» Task objective
From the first line to the last, set down the material exactly and drop every picture.

» Information shown
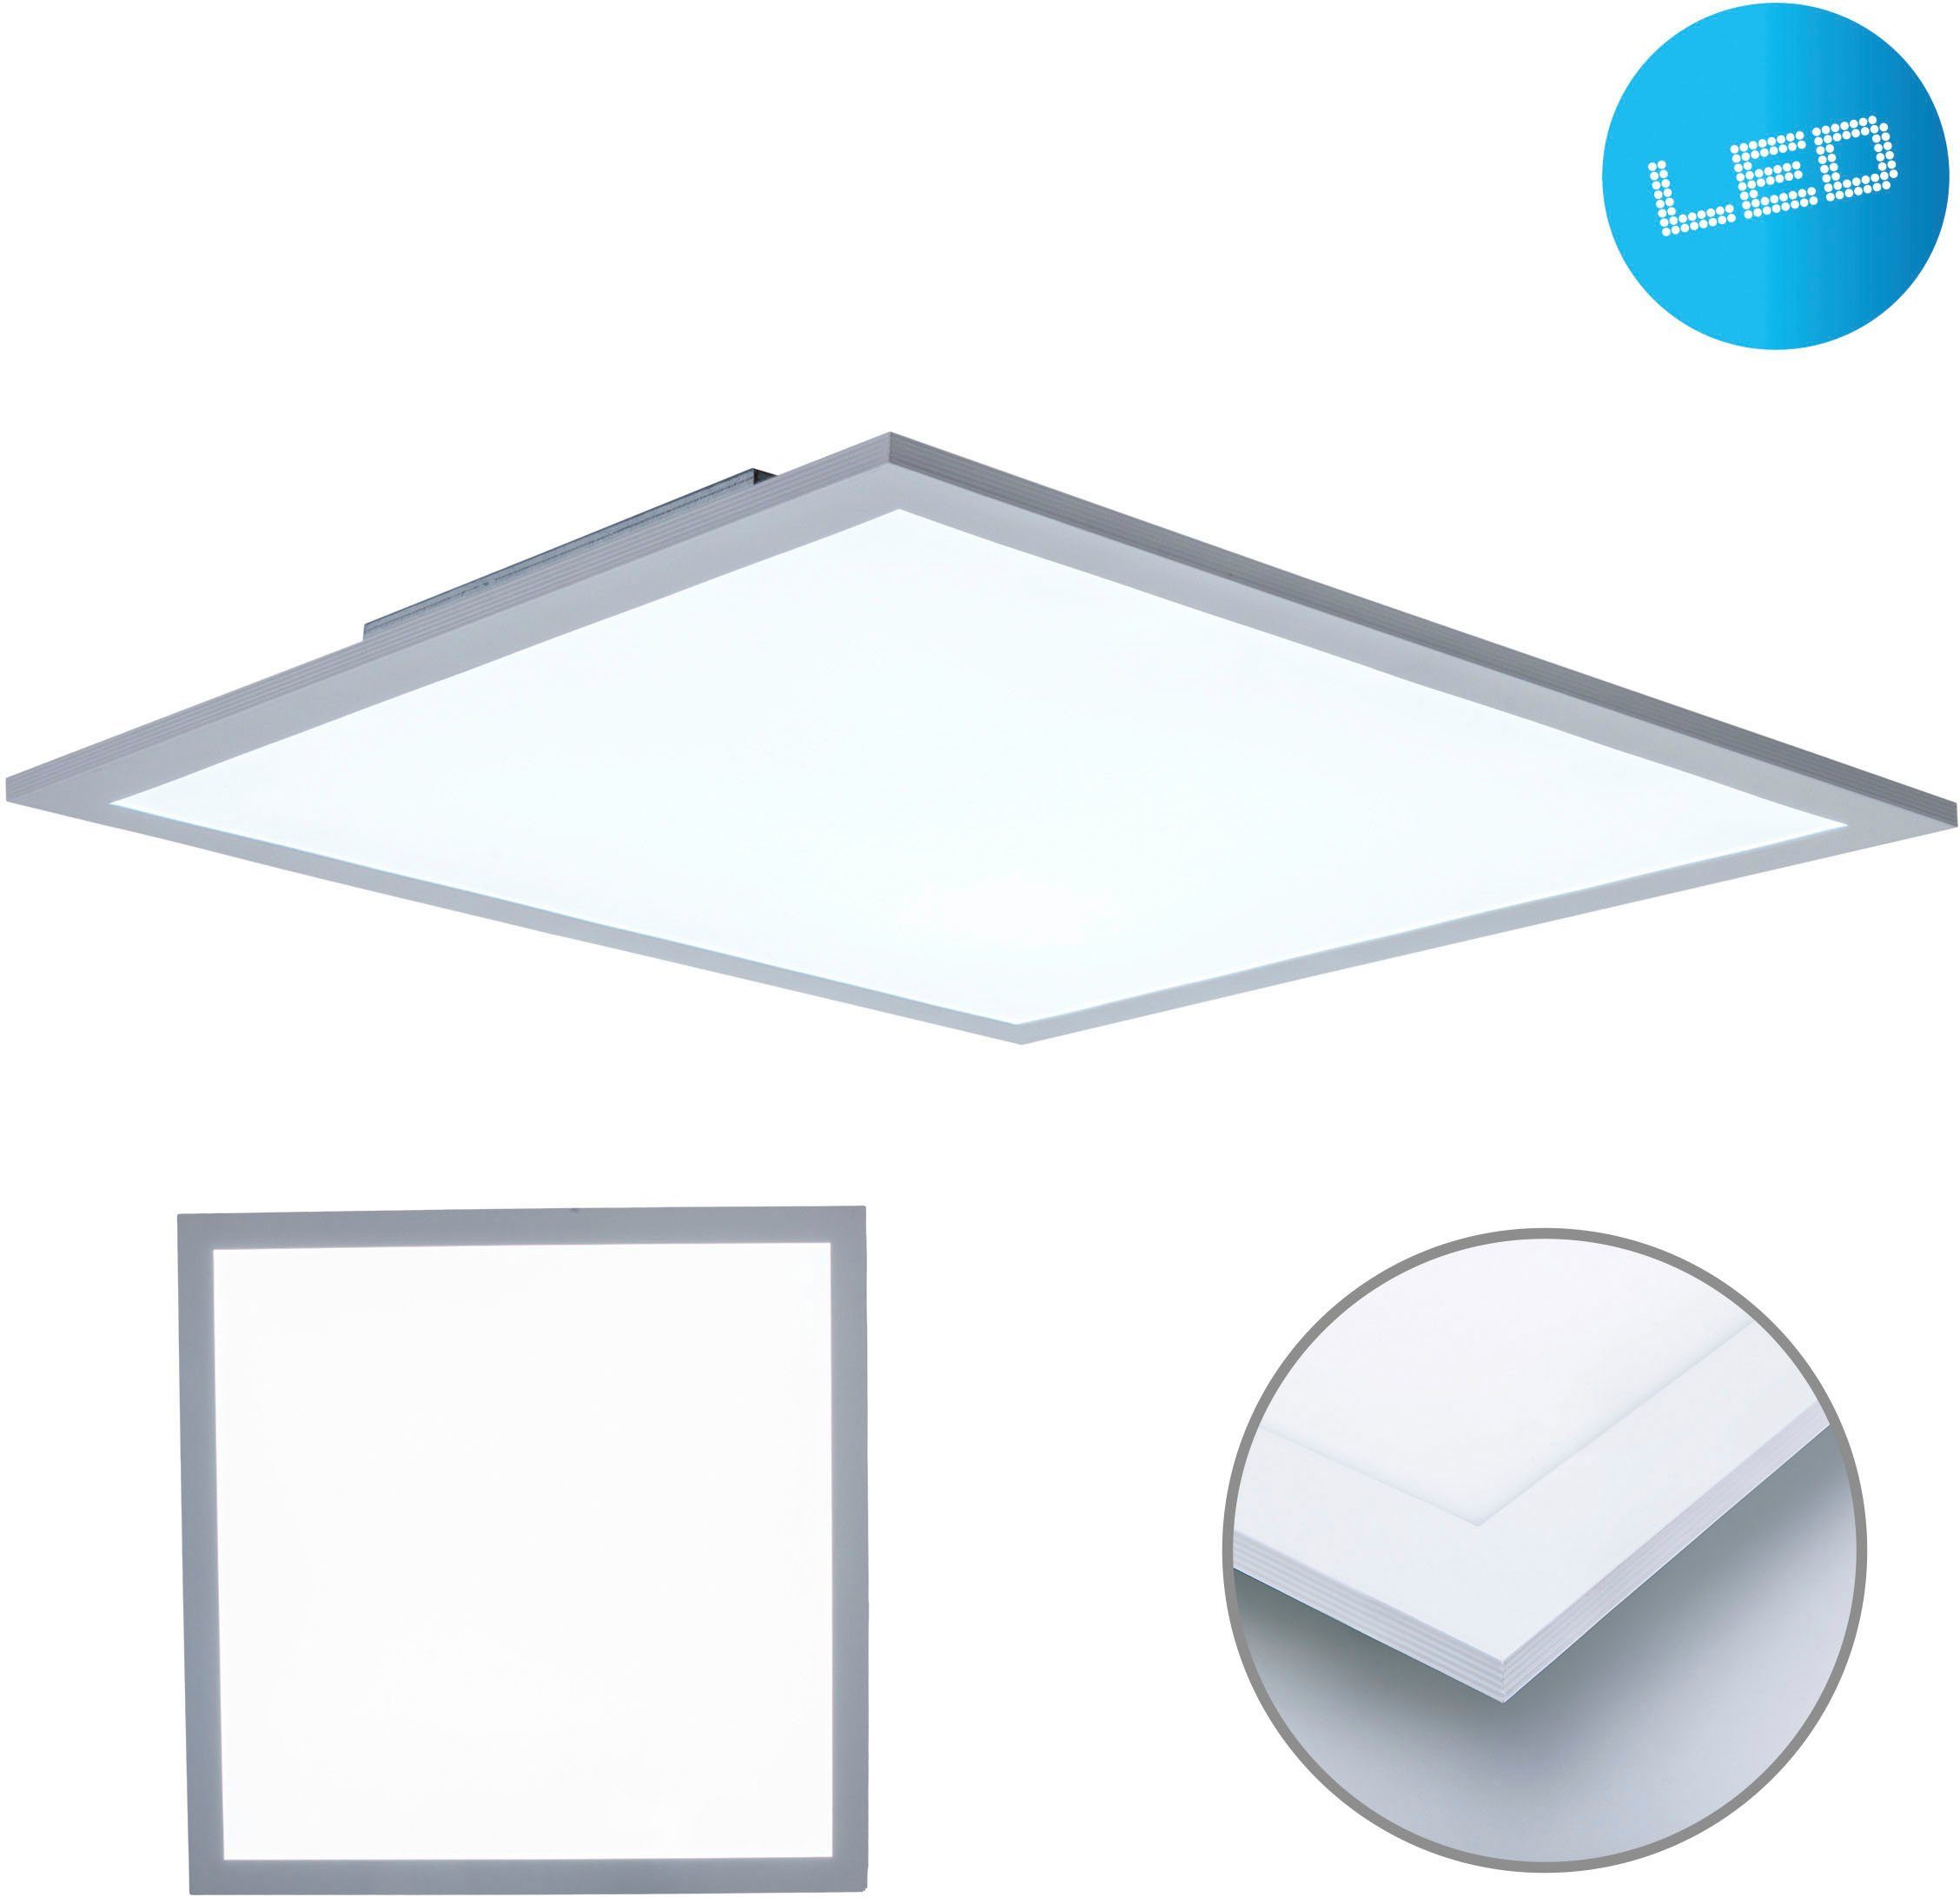 näve LED Panel Nicola, LED fest integriert, Neutralweiß, Aufbaupanel weiß  45x45cm, H: 6cm, 120 LED, Lichtfarbe neutralweiß
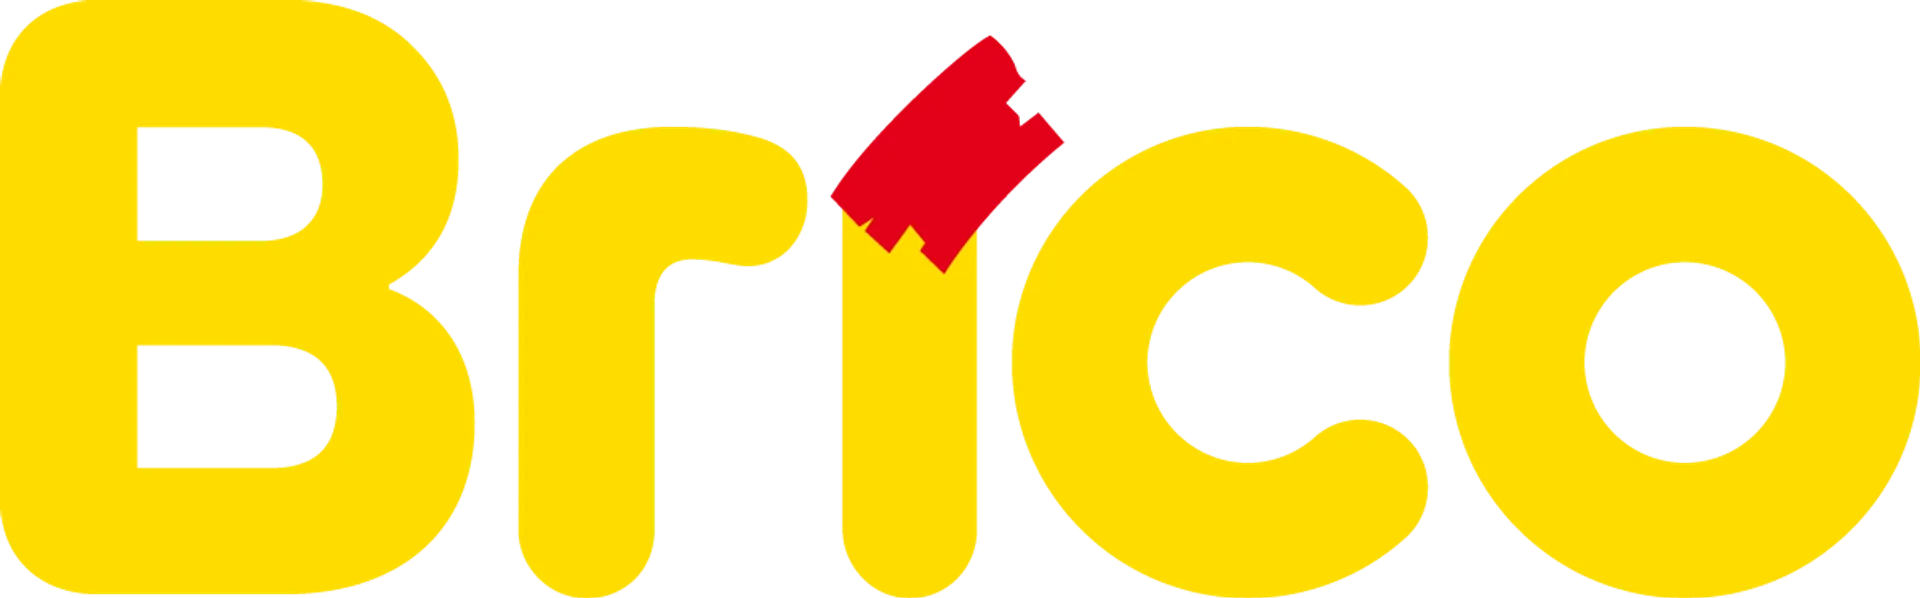 BRICO logo
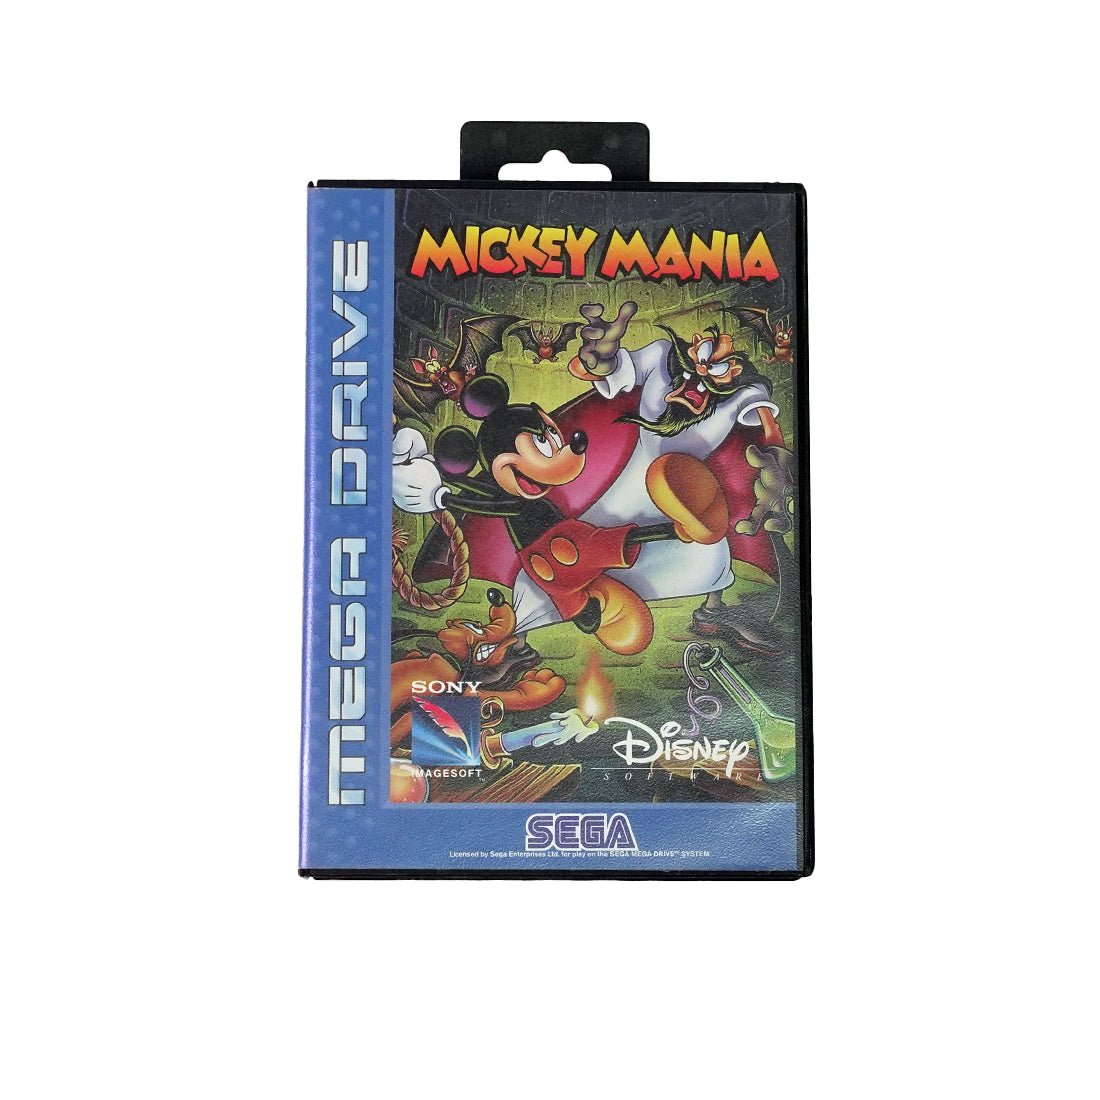 (Pre-Owned) Mickey Mania Game - Sega Mega - ريترو - Store 974 | ستور ٩٧٤
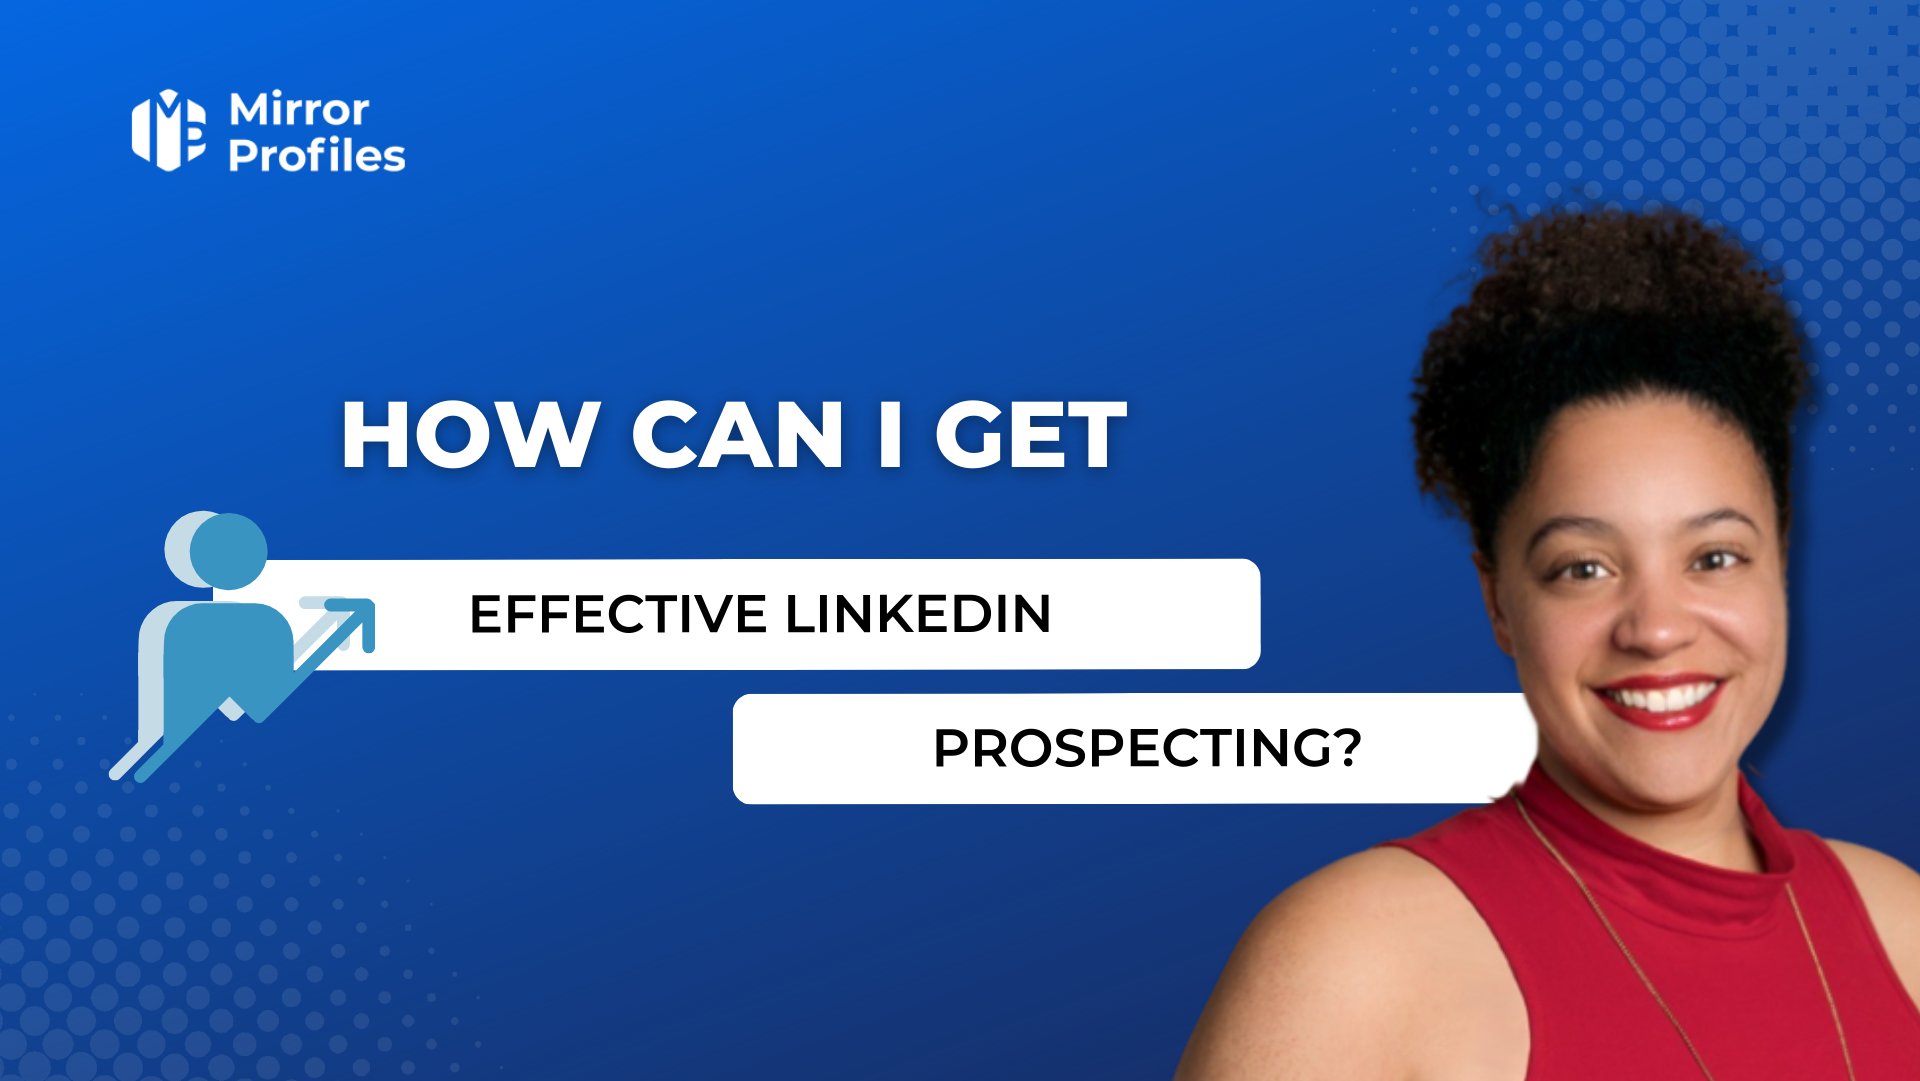 How can I get effective LinkedIn prospecting?

» Written answer
 näve LED Panel Nicola, LED fest integriert, Neutralweiß, Aufbaupanel weiß  45x45cm, H: 6cm, 120 LED, Lichtfarbe neutralweiß
 BRICO logo
 (Pre-Owned) Mickey Mania Game - Sega Mega - ريترو - Store 974 | ستور ٩٧٤
 How can I get effective LinkedIn prospecting?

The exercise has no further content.